Governo desastrado
Redação DM
Publicado em 1 de junho de 2016 às 03:39 | Atualizado há 10 anos
O comportamento de Michel Temer em relação ao governo do qual, sem nenhum mérito e sem nenhuma base popular – pois nunca desfrutou de mínima popularidade – se tornou Vice-Presidente, foi de inegável felonia. O impedimento da presidente, em boa parte, era, como afinal ficou demonstrado, um trabalho de sapa em causa própria. Menos de dois meses antes da votação do chamado impeachment escrevi o artigo intitulado Quem tem um aliado como Temer não precisa de ter inimigo. Os fatos são históricos testemunhos das verdades que afirmei.
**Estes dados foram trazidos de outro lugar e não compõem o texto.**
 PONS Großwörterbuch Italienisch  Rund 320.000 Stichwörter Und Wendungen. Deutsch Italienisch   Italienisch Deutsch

Apropriado o poder sem a legitimidade do processo eleitoral, o ocasional presidente e as forças partidárias que tramaram a sua ascensão, constituídas em grande parte por políticos representativos da pior corrupção – Eduardo Cunha, Paulo Salim Maluf, Renan Calheiros, Romero Jucá, Fernando Collor de Melo, Aécio Neves, Waldir Maranhão, Cássio Cunha Junior, em suma, mais de duas centenas de indivíduos atolados até o pescoço em processos judiciais, sobretudo criminais, logo no primeiro dia de “governo”, mostraram a sua cara.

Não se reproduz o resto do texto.